Action item → Each line from the opening of the records that follow to the line with "[PIC/SNS] 170727 KBS2" needs to be written out exactly. Add nothing.

[Collected data]
■ ■ ■ ■ ■ ■ ■

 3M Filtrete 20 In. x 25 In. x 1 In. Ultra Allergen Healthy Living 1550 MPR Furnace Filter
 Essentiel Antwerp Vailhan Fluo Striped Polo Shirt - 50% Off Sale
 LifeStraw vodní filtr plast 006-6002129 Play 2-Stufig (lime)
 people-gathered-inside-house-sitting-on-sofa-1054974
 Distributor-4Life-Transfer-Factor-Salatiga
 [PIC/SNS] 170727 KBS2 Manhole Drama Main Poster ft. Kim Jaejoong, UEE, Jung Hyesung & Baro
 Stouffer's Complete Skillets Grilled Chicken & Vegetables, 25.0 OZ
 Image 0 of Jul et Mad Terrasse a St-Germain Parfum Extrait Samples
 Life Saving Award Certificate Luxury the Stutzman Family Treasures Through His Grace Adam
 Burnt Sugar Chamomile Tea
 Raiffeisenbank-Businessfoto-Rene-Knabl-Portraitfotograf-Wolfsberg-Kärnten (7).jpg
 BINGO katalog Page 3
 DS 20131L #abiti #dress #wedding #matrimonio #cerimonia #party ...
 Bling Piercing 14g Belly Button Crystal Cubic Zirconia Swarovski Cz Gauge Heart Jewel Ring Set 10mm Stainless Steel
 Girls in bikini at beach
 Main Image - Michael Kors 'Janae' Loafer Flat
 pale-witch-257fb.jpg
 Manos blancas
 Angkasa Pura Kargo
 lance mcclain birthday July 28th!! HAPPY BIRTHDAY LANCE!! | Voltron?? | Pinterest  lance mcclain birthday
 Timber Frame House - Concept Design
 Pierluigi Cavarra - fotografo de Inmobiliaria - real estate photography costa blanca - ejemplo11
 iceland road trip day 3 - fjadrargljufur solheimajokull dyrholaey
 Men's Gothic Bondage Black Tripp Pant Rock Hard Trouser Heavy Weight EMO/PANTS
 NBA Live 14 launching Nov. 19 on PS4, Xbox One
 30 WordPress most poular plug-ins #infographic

■ ■ ■ ■ ■ ■ ■

Answer box →
 3M Filtrete 20 In. x 25 In. x 1 In. Ultra Allergen Healthy Living 1550 MPR Furnace Filter
 Essentiel Antwerp Vailhan Fluo Striped Polo Shirt - 50% Off Sale
 LifeStraw vodní filtr plast 006-6002129 Play 2-Stufig (lime)
 people-gathered-inside-house-sitting-on-sofa-1054974
 Distributor-4Life-Transfer-Factor-Salatiga
 [PIC/SNS] 170727 KBS2 Manhole Drama Main Poster ft. Kim Jaejoong, UEE, Jung Hyesung & Baro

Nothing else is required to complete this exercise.